VNC Keyboard Quick Reference
- Command key:
meta (not super_l or command)
- Default framebuffer: 2048x1536 (Retina 2x)
- Common shortcuts:
meta+space (Spotlight), meta+q (Quit), meta+w (Close)
See references/vnc-keyboard-reference.md for the full keysym table.
Workflow
- Start an ephemeral VM (headless by default,
--open-vnc for debugging).
- Execute build/launch commands via
exec (tart exec primary, SSH fallback).
- Interact via VNC:
click, batch, type-string, send-keys, scroll, drag.
- Capture frames for verification evidence (
--max-dimension for LLM-sized images).
- Teardown in safe order: close VNC client, stop VM, delete clone.

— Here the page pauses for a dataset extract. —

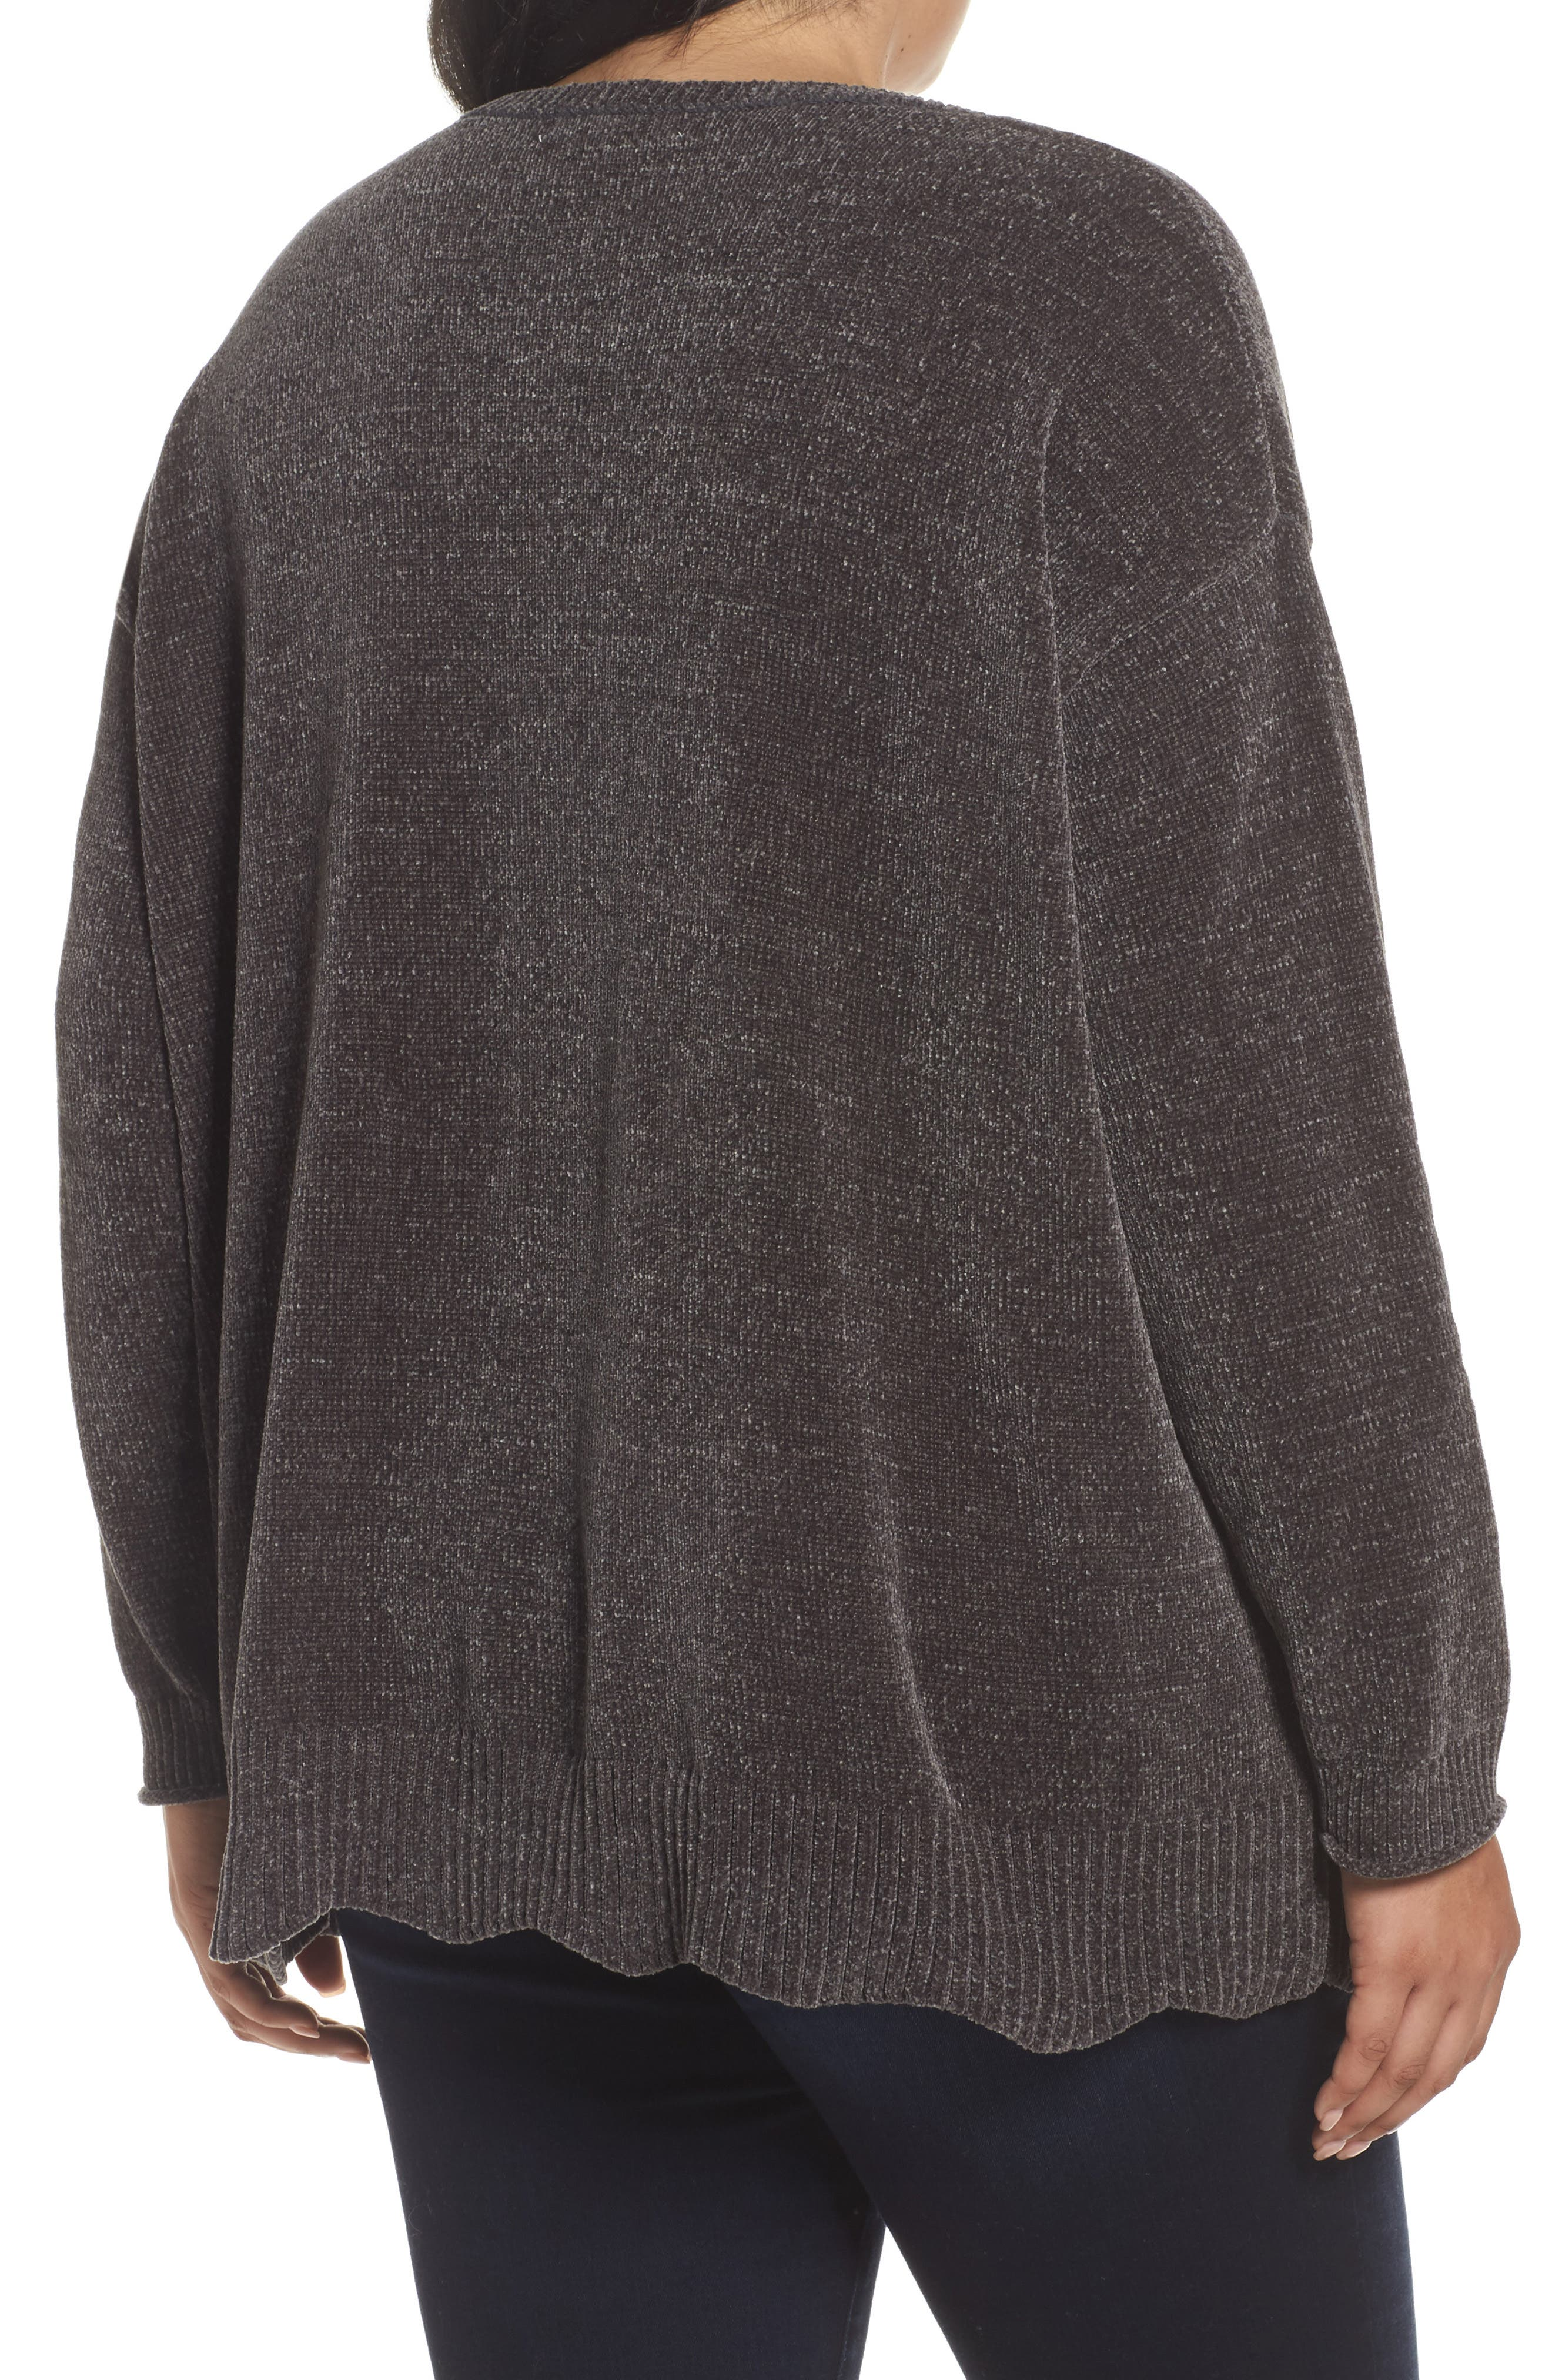 Scallop Hem Sweater,                             Alternate thumbnail 2, color,                             021

Troubleshooting Quick Fixes
| Problem | Fix |
|---|
tart exec fails | Check guest agent installed (*-base or higher) |
| SSH discovery fails | Run enable-ssh first, check bridge interface |
| Wrong keysym name | Use meta not super_l. See VNC reference |
| Click misses target | Check 2048x1536 coordinate space. Capture and measure |
| App won't activate | Use open -a, click via VNC, check permission dialogs |
| Multi-step VNC fails | Use batch instead of individual commands |
See references/troubleshooting.md for the full debugging guide.
Reference Docs
references/setup-and-target.md — Host prerequisites, guest configuration
references/vnc-keyboard-reference.md — Keysym names, coordinates, shortcuts
references/image-matrix.md — Image tiers, sizes, pull commands
references/troubleshooting.md — Common failures and fixes
references/hints-and-tips.md — Precise calibration data, gotchas, non-obvious behaviors
references/target-manifest.md — Target manifest and flow recipe schema
Source References
Guardrails
- Default to headless runs (
--no-open-vnc).
- Use
--open-vnc only for debugging or live walkthroughs.
- Always teardown ephemeral VMs after run unless explicitly preserving them.
- If VNC was opened, close VNC client before VM shutdown.
- Prefer one run VM per flow to avoid cross-run state leakage.